Es difícil pensarse un confinado alegre. Y por eso, aquel día mientras cruzaba el paseo de Micaela Aramburu en dirección al río, miraba al suelo con aturdimiento, perdiéndome entre los adoquines, uno detrás de otro, en un torbellino mental de ideas, preguntas y conjeturas desordenadas.

La calle, la ciudad entera, se enfrentaba a un silencio original, absoluto y extrañísimo. ¿Qué había sucedido y lleva sucediendo hace ya más de dos semanas? Todo el mundo se hace preguntas mientras muchos imaginan la metáfora catastrofista del barco con la vía de agua en sus bodegas. Algo ha cambiado para que tantas personas se hayan quedado dentro de cuatro paredes sin apenas rechistar. Alguna parte de la realidad se ha modificado hasta convertir una extraña palabra en una palabra de uso común normalizado: confinamiento. Y repito, no existe el confinado alegre y optimista, pero en eso está toda la ciudad: confinada.

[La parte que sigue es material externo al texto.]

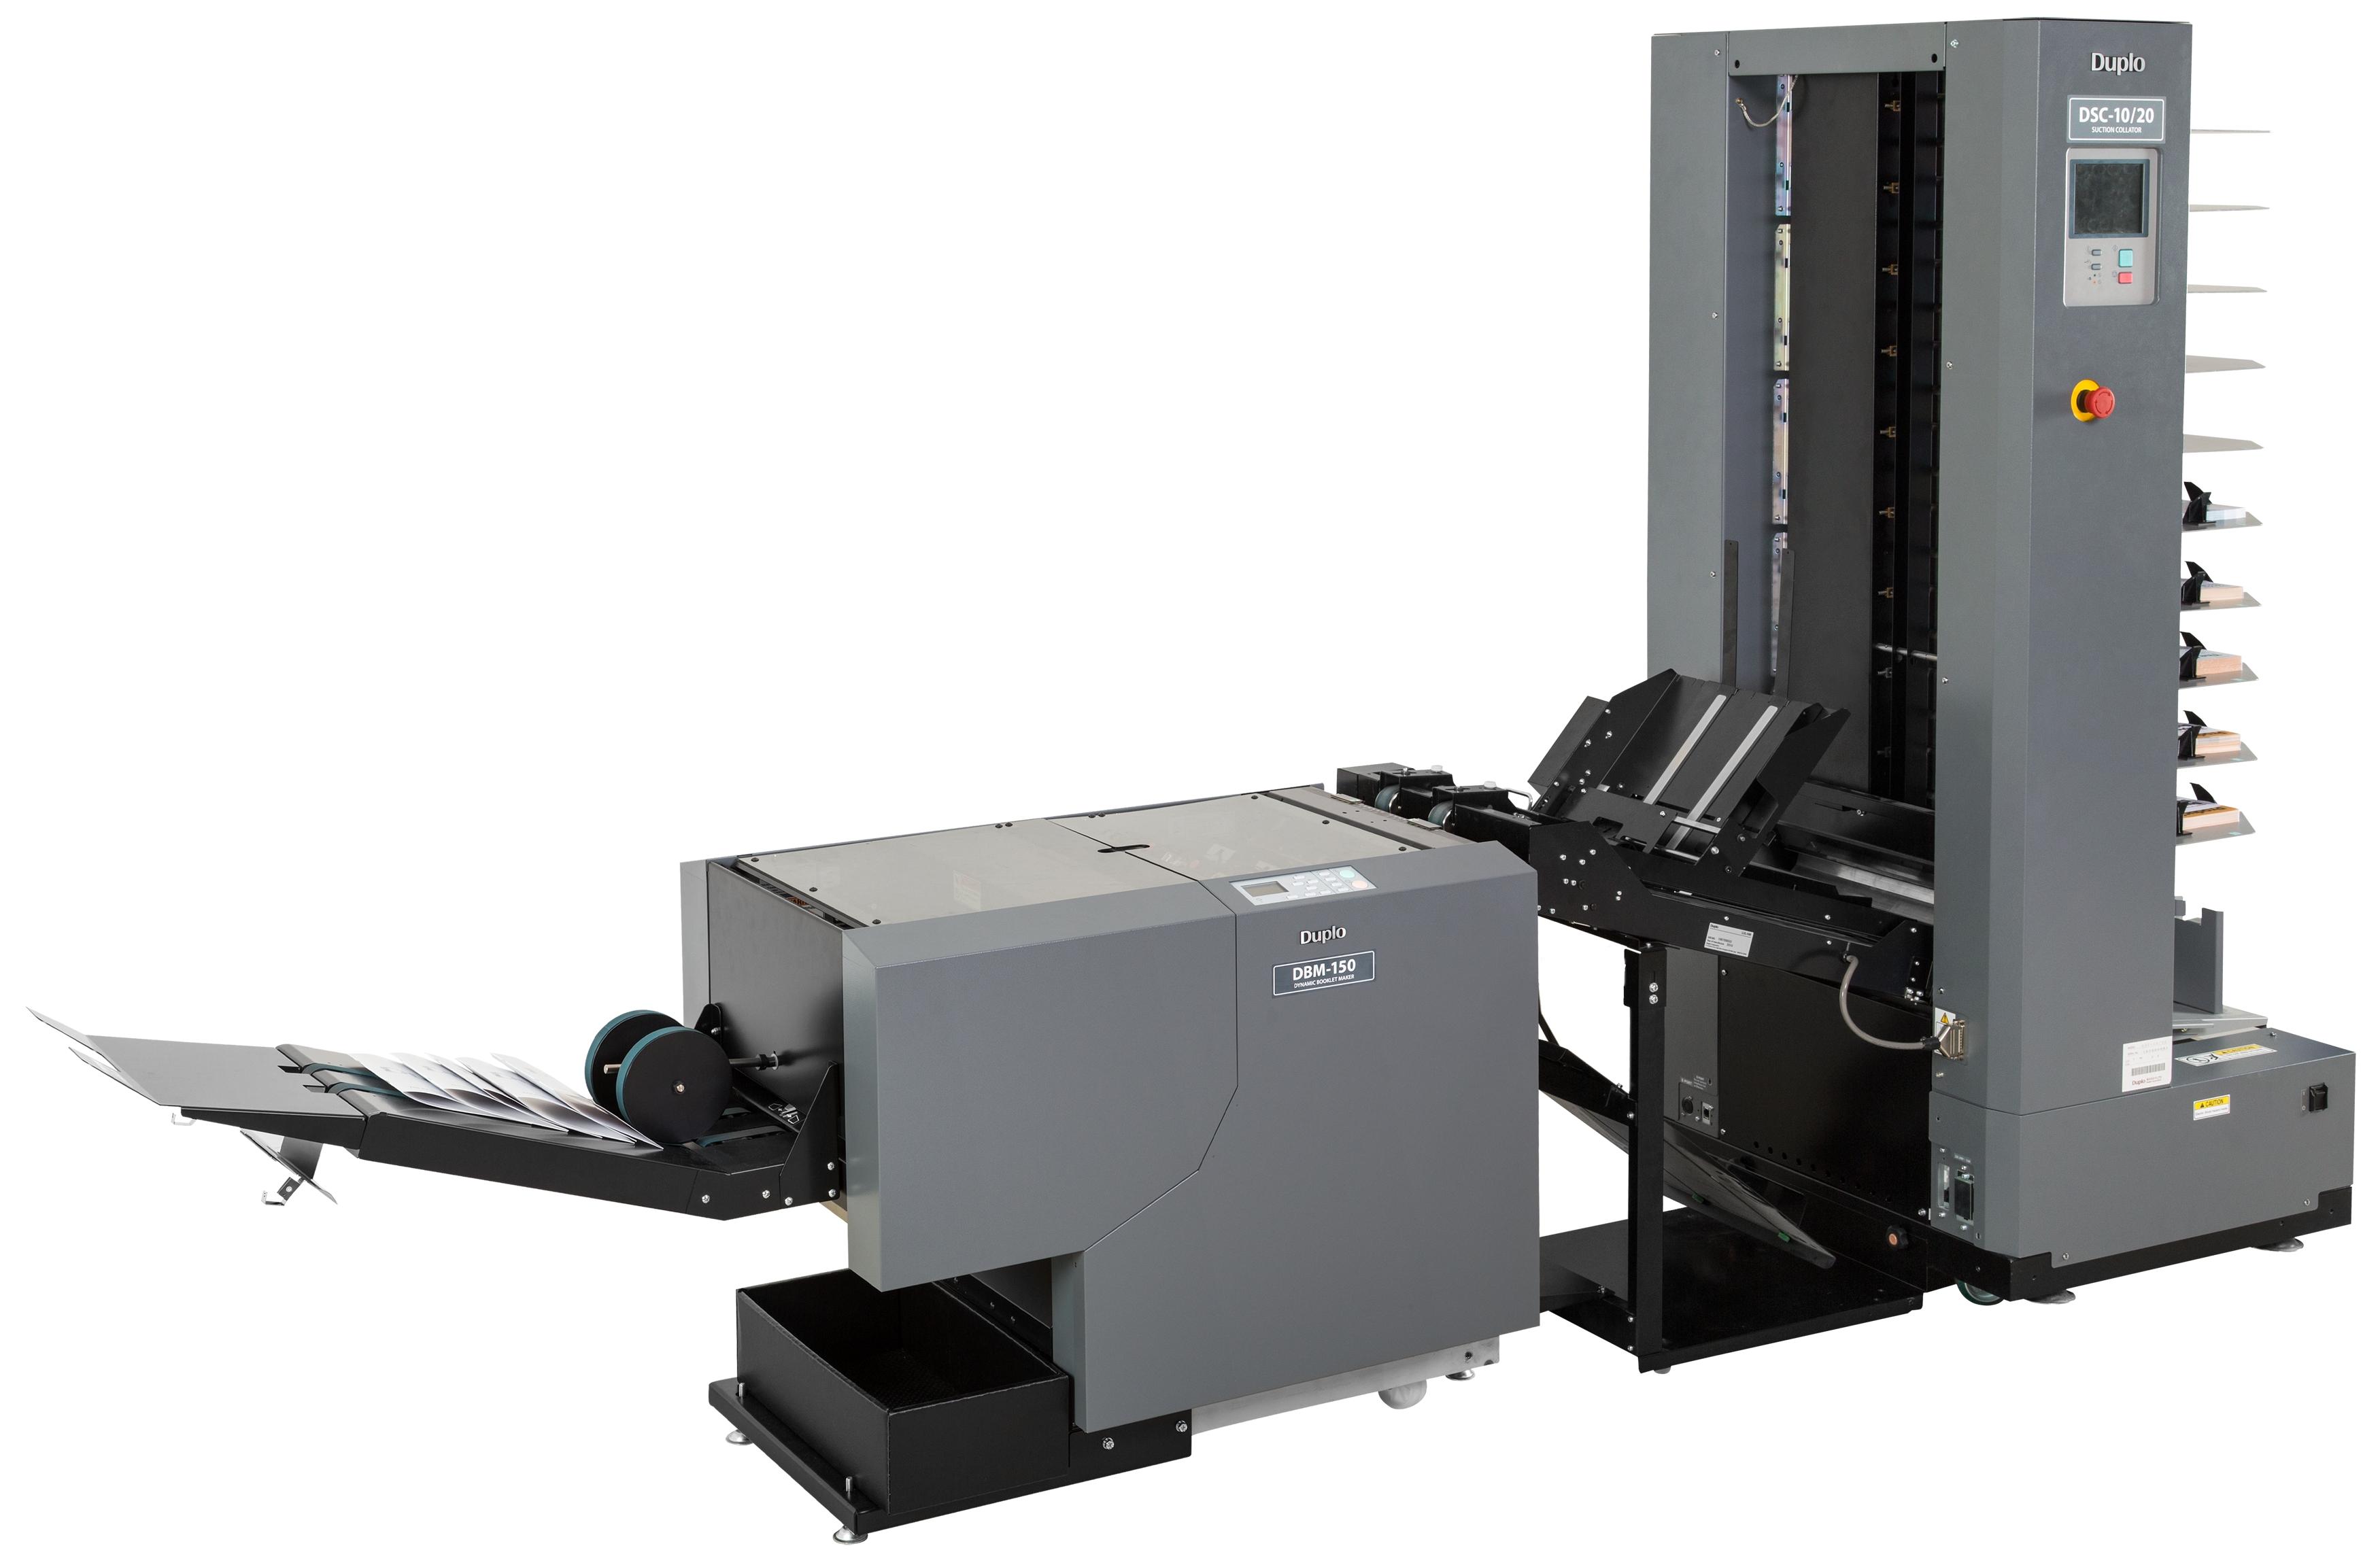 System 150
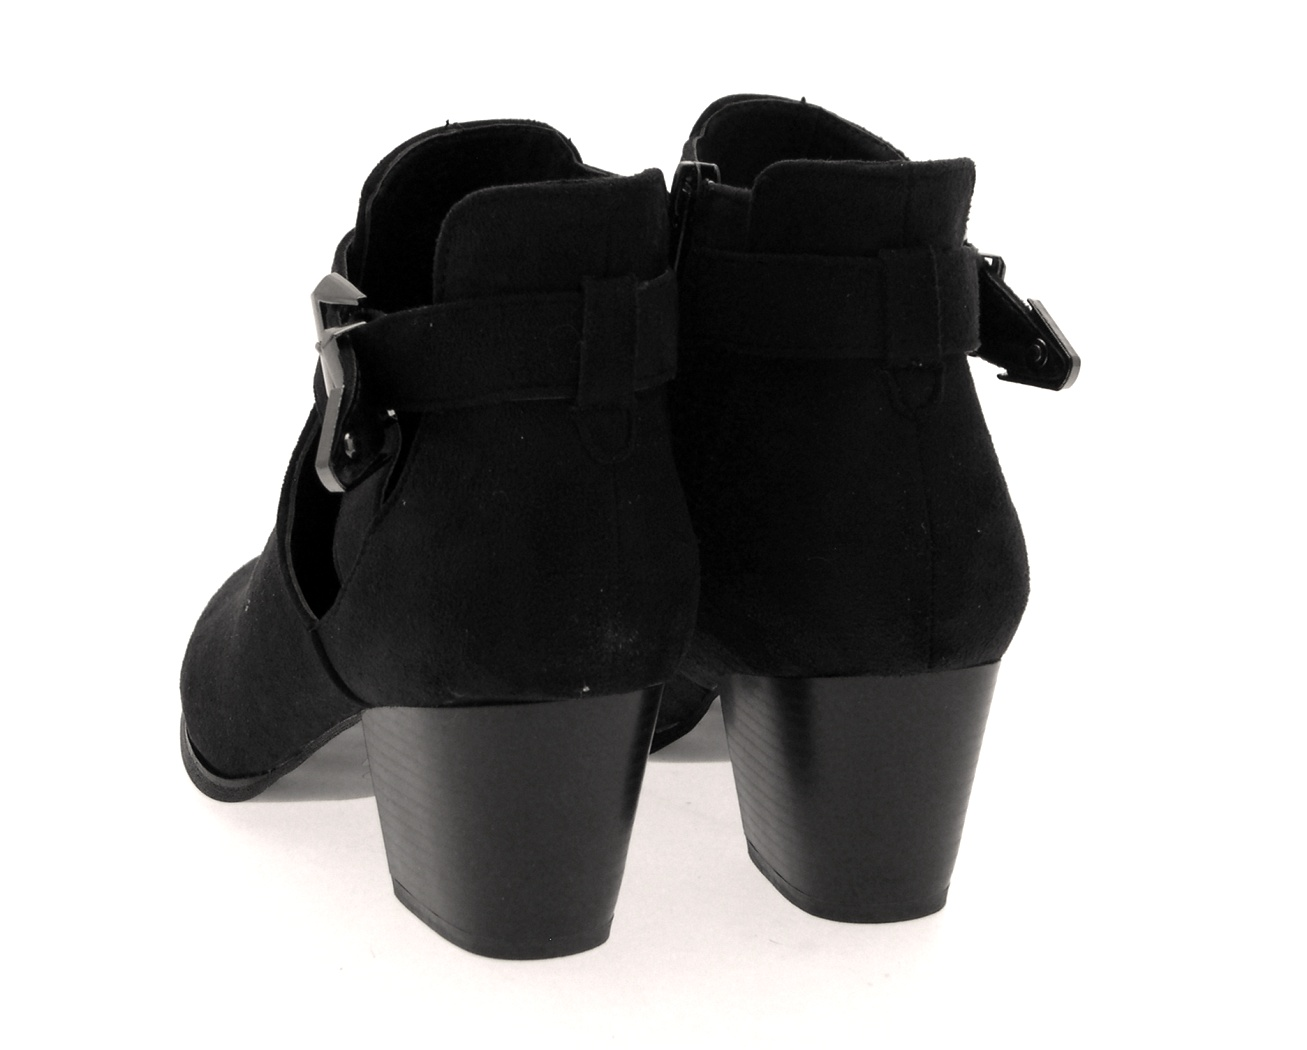 damen cut out ankle boots mid blockabsatz heels schnalle. Black Bedroom Furniture Sets. Home Design Ideas

Las respuestas colectivas al problema forman parte del imaginario más cambiante y diverso. Parece, dicen, que hay un virus que nos hace enfermar, pero a partir de ahí la imaginación vuela y se hace muchas veces “ciencia ficción” o “política ficción” empujada por tanta red social y tanto bulo suelto. Al parecer “los virus han venido a salvar a la madre Gea de su destrucción”; o podría suceder que “alguna gran potencia haya iniciado una guerra bacteriológica”(eso sí de baja intensidad) para acabar con una parte de la población y de paso debilitar la economía de los países enemigos. Incluso los hay que afirman que habría podido suceder “un accidente bacteriológico en un gran laboratorio extranjero”. Y todo esto sin contar las explicaciones más chuscas y atrevidas como la de que existan fuerzas divinas que nos castigan con venganzas diversas por las cosas que hicimos mal contraviniendo a los dioses… Y todo esto y otras cosas con la amplificación y el jaleo de cientos de informaciones e informadores en las miles de redes sociales que continuamente contaminan y confunden a las personas a las que les llegan por millones.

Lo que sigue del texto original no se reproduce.